Why would it return false ? The two push's simply push the function parameters on the stack, and then the read_six_numbers function is called, which (surprisingly ?) reads six numbers entered by the user.

Looping? There are loops in this?

But.. I've just realized something:

 8051a07:      39 44 9d d8                cmp    %eax,0xffffffd8(%ebp,%ebx,4)<-compares eax with that huge offset thing
 8051a0b:      74 05                      je     8051a12 <phase_2+0x2d> <------jumps if the compare works out right

Shouldn't the answer be in cmp? in the eax register?

I'm thinking it should be in the cmp instruction, because that's the only place its comparing anything... and it has to jump over the explode_bomb line...?

>> Looping? There are loops in this?

If you haven't spotted them yet, you'll soon do ;)
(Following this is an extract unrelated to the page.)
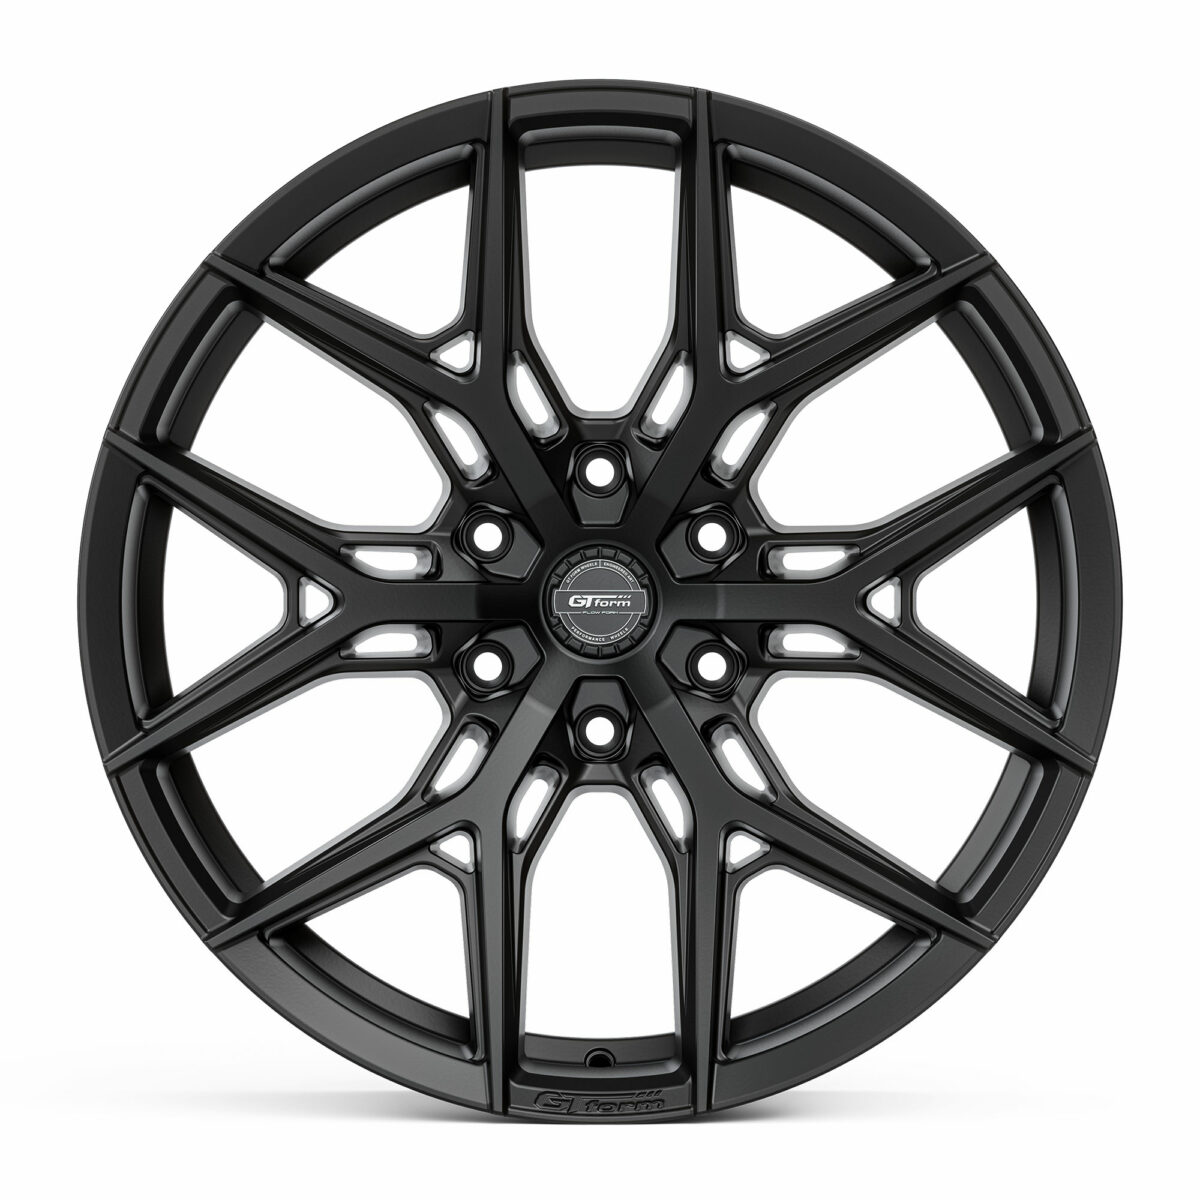 4X4 WHEELS GT FORM GFS1 SATIN BLACK 18 20 22 INCH OFFROAD RIMS FOR 4WD SUV

>> Shouldn't the answer be in cmp? in the eax register?

Not really. Of course, understanding what happens there is part of the solution, but you need to understand the whole call flow to find the solution, not just this cmp instruction.


Try doing this for example : write the assembly instructions in the left column on a piece of paper, and in the right column, write the corresponding C code. Start by "translating" every instruction separately, and then combine different lines of C code to make it easier to read. See if that helps you make sense of what's happening.

Uh... isn't there an easier way than me learning how assembly translates to C? =(

What about the read_six_numbers function? Are there loops in that too?

>> Uh... isn't there an easier way than me learning how assembly translates to C? =(

If you are having trouble understanding what happens exactly, doing this kind of translation might help you. It helped me ;)


>> What about the read_six_numbers function? Are there loops in that too?

Yes, but they're not directly relevant to solving phase_2. As with the strings_not_equal function in phase_1, you can ignore read_six_numbers's implementation for now, and just assume that it works as expected.

int arr[6];
read_six_numbers(input, arr);

if (arr[0] != 1) explode_bomb();

int i = 2;

while (i < 7)
{
if (!(arr[i  1] == i * arr[i  2])) explode_bomb();
i++;
}

Is that right?

>> Is that right?

Did you copy that from a different phase 2 solution ?

Try putting it in two columns, and see if the C code matches the assembler you posted ...

hm? I didn't copy the whole thing, but I did google bits and pieces I didn't understand.

>> but I did google bits and pieces I didn't understand.

Well, to be honest, it shows ;) The C code you posted has nothing to do with the assembler you posted.

You know that they design these challenges, so that they're different every time, don't you ?

Let's get back to what you started in http:#24212480, and my response to that post. See if you can continue from there.

I've heard of it... yeah.

But this thing's due in 4 days, and I still have 4 more phases after phase 2, and I also need to write a shell for my operating systems class in 3 more days, and I'm getting weird errors in that too... lol =(...

A month of school left and there's still more projects they plan to give... unorganized prof's FTL... lol =(

What part of that code isn't like the assembler?

>> What part of that code isn't like the assembler?

Pretty much everything after the first two lines of C ;)


You have two ways of approaching/solving this phase. The first is to understand what the code does, and figure out the answer from that. The second is to run the code in a debugger, and watch what happens that way ... I prefer the first, but maybe you prefer the other approach.

I was that off? lol...

Is there any good website you would suggest? I would like to try it your way.

to learn assembly I mean

Don't you have course notes ?

Here's an overview of the x86 instructions :

        http://www.jegerlehner.ch/intel/IntelCodeTable.pdf

If you need a good book, then I suggest "The Art of Assembly Language", which is freely available :

        http://webster.cs.ucr.edu/AoA/index.html

Other than that, it's about practice, and trying things ...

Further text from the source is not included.